5.3 Q-9

Question Statement

We need to maximize the profit function for a machine that can produce two types of products:

Product A: Requires 2 units of chemical and 1 unit of compound.
Product B: Requires 1 unit of chemical and 2 units of compound.

The available resources are:

800 units of chemical
1000 units of compound

The profits per unit of product A and B are Rs. 30 and Rs. 20, respectively.

We need to determine the number of units of each product (A and B) that should be produced to maximize the profit, subject to the constraints on the available resources.

Background and Explanation

This is a linear programming problem where we need to maximize a profit function while adhering to given constraints. The constraints arise from the limited availability of chemical and compound. The goal is to determine the optimal number of units of products A and B that can be produced without exceeding the available resources, while maximizing the total profit.

Solution

Let:

$x$ be the number of units of product A
$y$ be the number of units of product B

Step 1: Define the Profit Function

The profit function is given by:

f(x, y) = 30x + 20y

Where:

$30x$ is the profit from product A
$20y$ is the profit from product B

Step 2: Write the Constraints

The constraints are based on the available resources:

Chemical constraint:

2x + y \leq 800

Compound constraint:

x + 2y \leq 1000

Both $x$ and $y$ must be non-negative:

x \geq 0, \quad y \geq 0

Step 3: Find the Corner Points

To solve this linear programming problem, we first need to graph the constraints and find the corner points where the feasible region is formed.

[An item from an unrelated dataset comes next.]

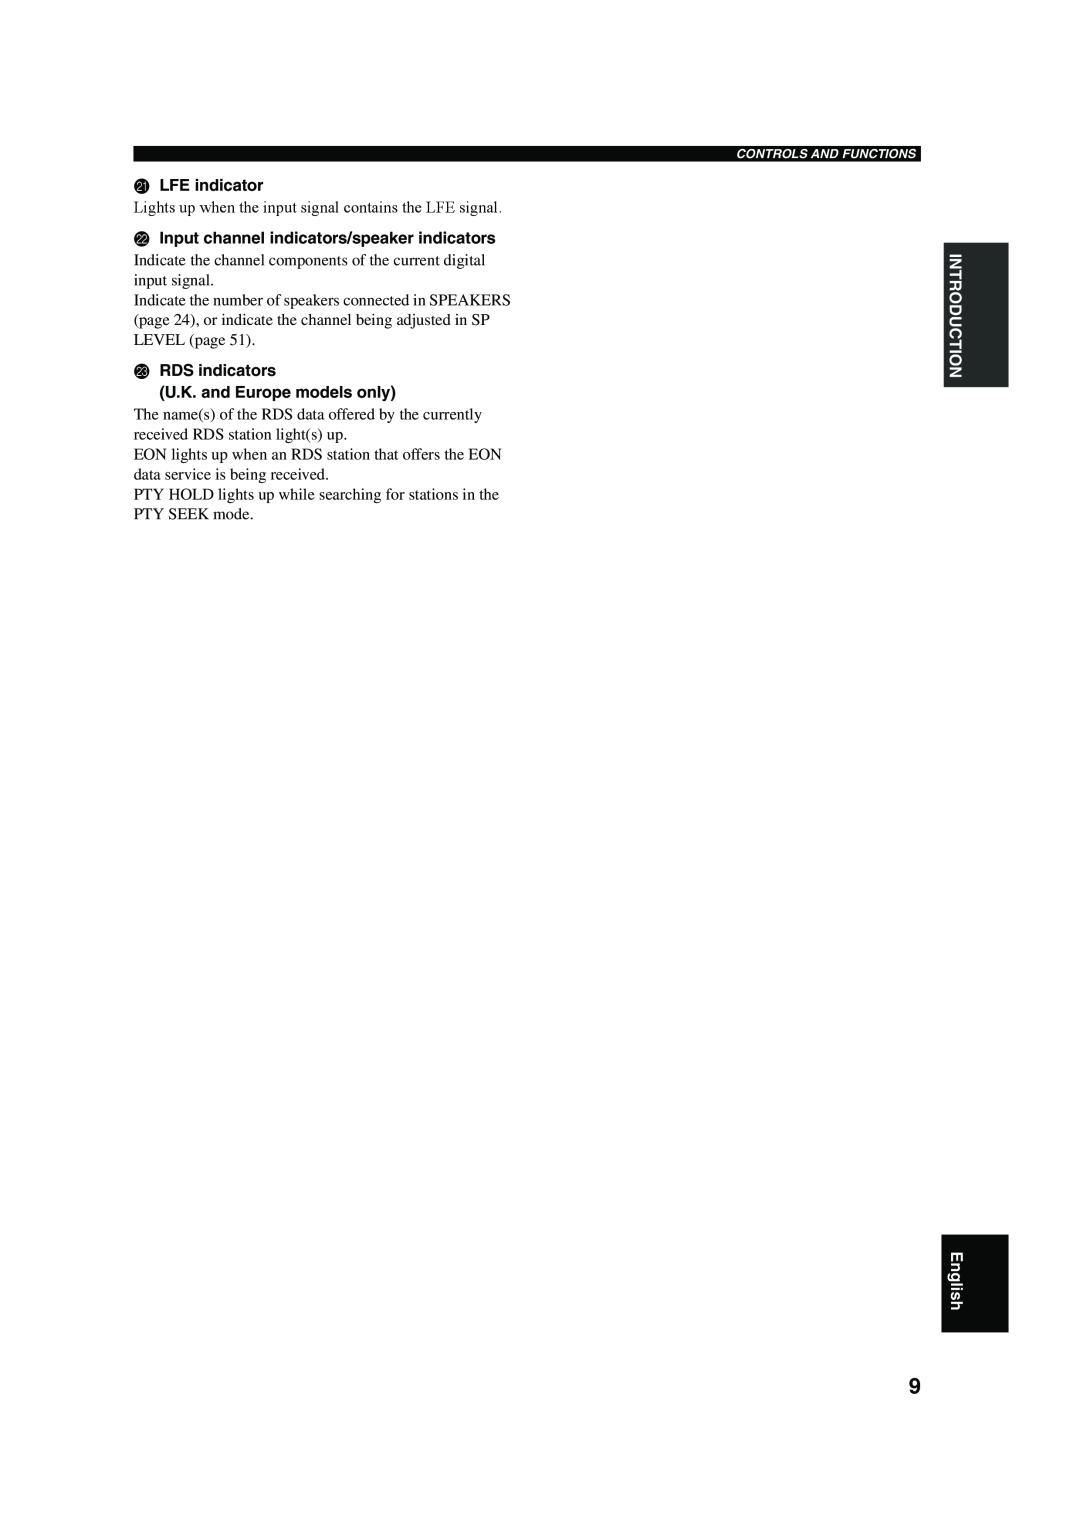 Yamaha RX-V550 KLFE indicator, LInput channel indicators/speaker indicators, MRDS indicators U.K. and Europe models only 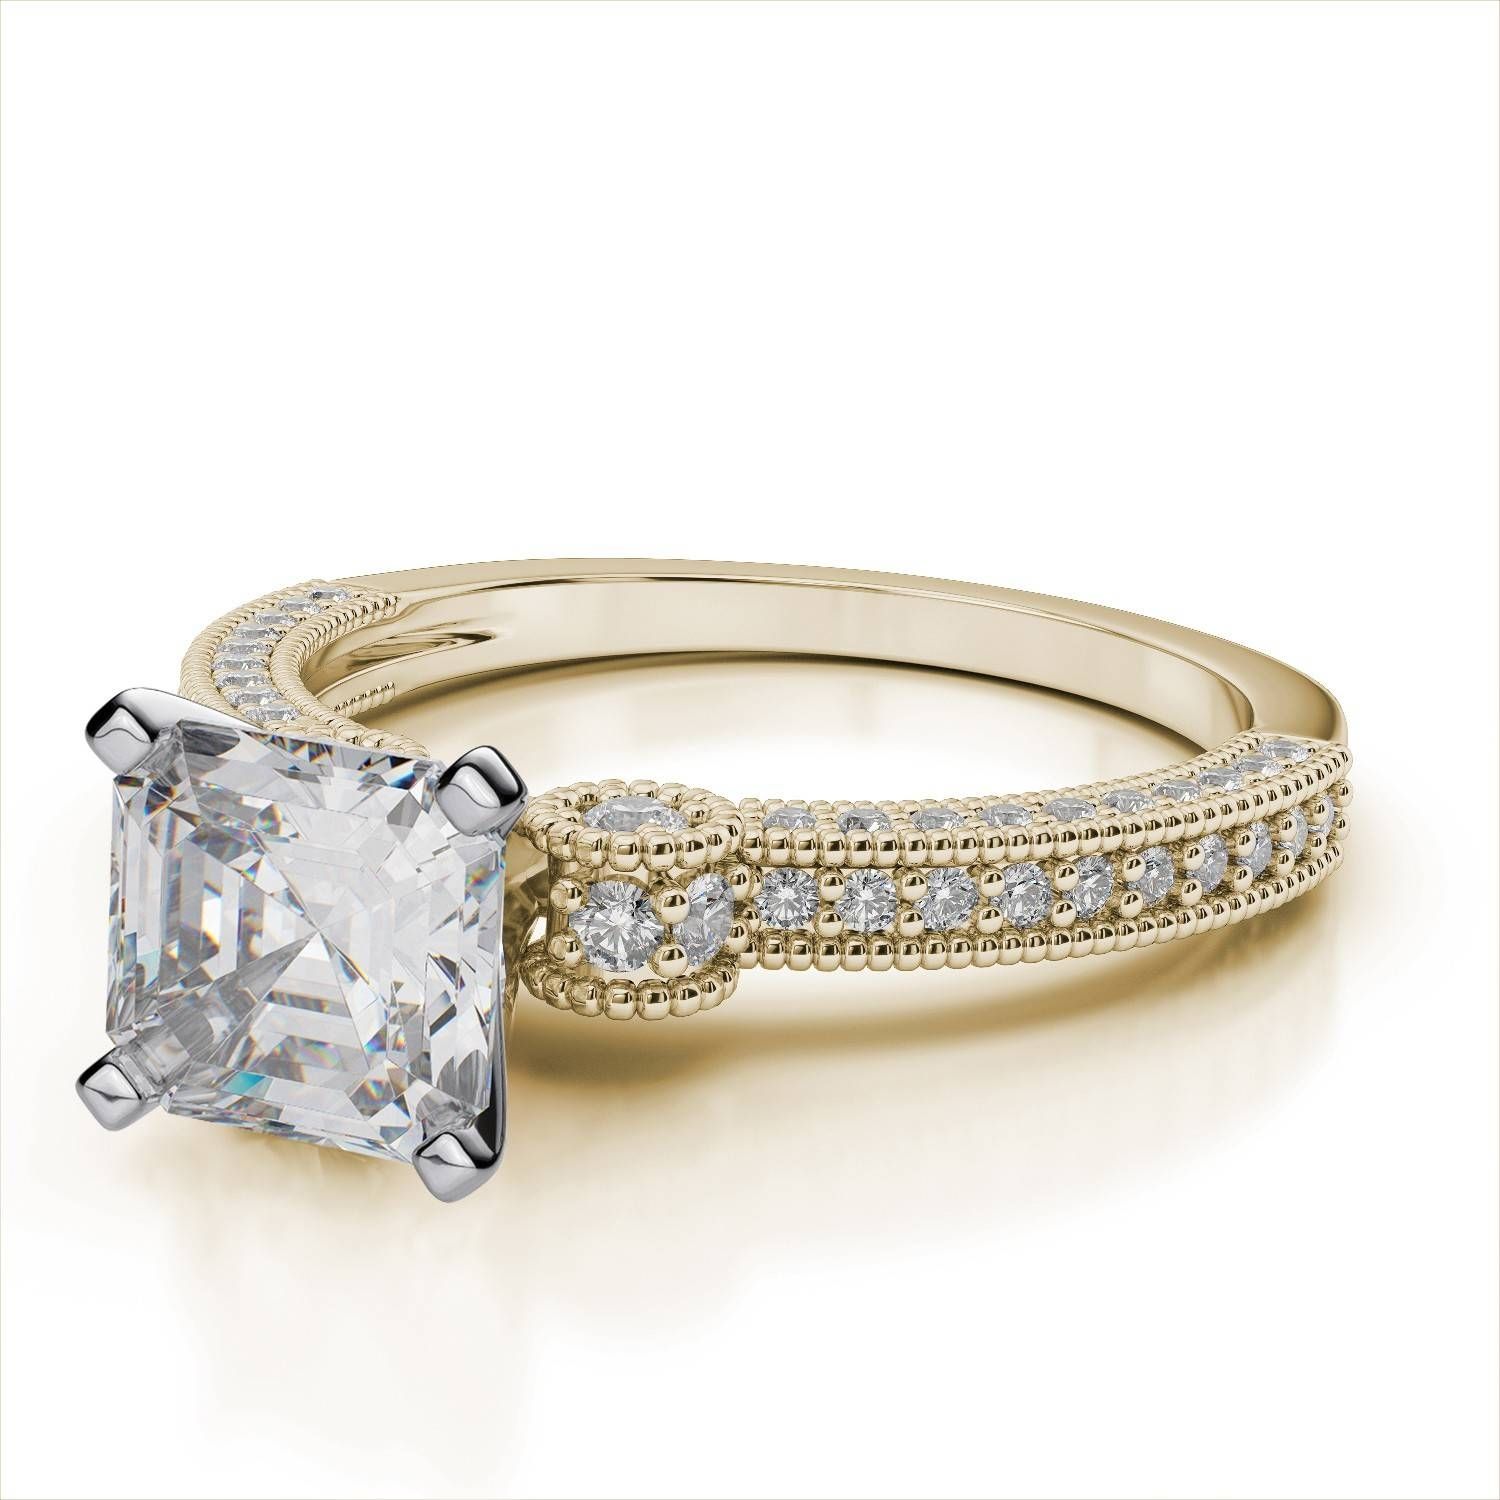 Antique Vintage Scroll Asscher Cut Diamond Engagement Ring In 14k Throughout Asscher Diamond Engagement Rings (View 10 of 15)

1. For the chemical constraint $2x + y = 800$ :

If $x = 0$ , then $y = 800$ , so the point is $(0, 800)$ .
If $y = 0$ , then $x = 400$ , so the point is $(400, 0)$ .

2. For the compound constraint $x + 2y = 1000$ :

If $x = 0$ , then $y = 500$ , so the point is $(0, 500)$ .
If $y = 0$ , then $x = 1000$ , so the point is $(1000, 0)$ .

3. Find the intersection of the two lines:

Substitute the expression for $y$ from the chemical constraint into the compound constraint:

y = 800 - 2x

Substitute into $x + 2y = 1000$ :

x + 2(800 - 2x) = 1000

Simplify and solve for $x$ :

x + 1600 - 4x = 1000 -3x = -600 x = 200

Now substitute $x = 200$ into $y = 800 - 2x$ to find $y$ :

y = 800 - 2(200) = 400

So, the intersection point is $(200, 400)$ .

Step 4: Evaluate the Profit at the Corner Points

Now that we have the corner points $(200, 400), (0, 500), (400, 0), (0, 0)$ , we can evaluate the profit function at each of these points.

At $(200, 400)$ :

f(200, 400) = 30(200) + 20(400) = 6000 + 8000 = 14000

At $(0, 500)$ :

f(0, 500) = 30(0) + 20(500) = 0 + 10000 = 10000

At $(400, 0)$ :

f(400, 0) = 30(400) + 20(0) = 12000 + 0 = 12000

At $(0, 0)$ :

f(0, 0) = 30(0) + 20(0) = 0 + 0 = 0

Step 5: Determine the Maximum Profit

The maximum profit occurs at the point $(200, 400)$ with a profit of Rs. 14,000.

Key Formulas or Methods Used

Profit Function: $f(x, y) = 30x + 20y$
Constraints:
1. $2x + y \leq 800$
2. $x + 2y \leq 1000$
3. $x \geq 0, , y \geq 0$
Linear Programming: Find the intersection points of the constraints and evaluate the profit function at each corner point.

Summary of Steps

Define the profit function: $f(x, y) = 30x + 20y$ .
Write the constraints based on resource limits.
Find the intersection points of the constraints by solving the equations.
Evaluate the profit function at each corner point.
The corner point $(200, 400)$ gives the maximum profit of Rs. 14,000.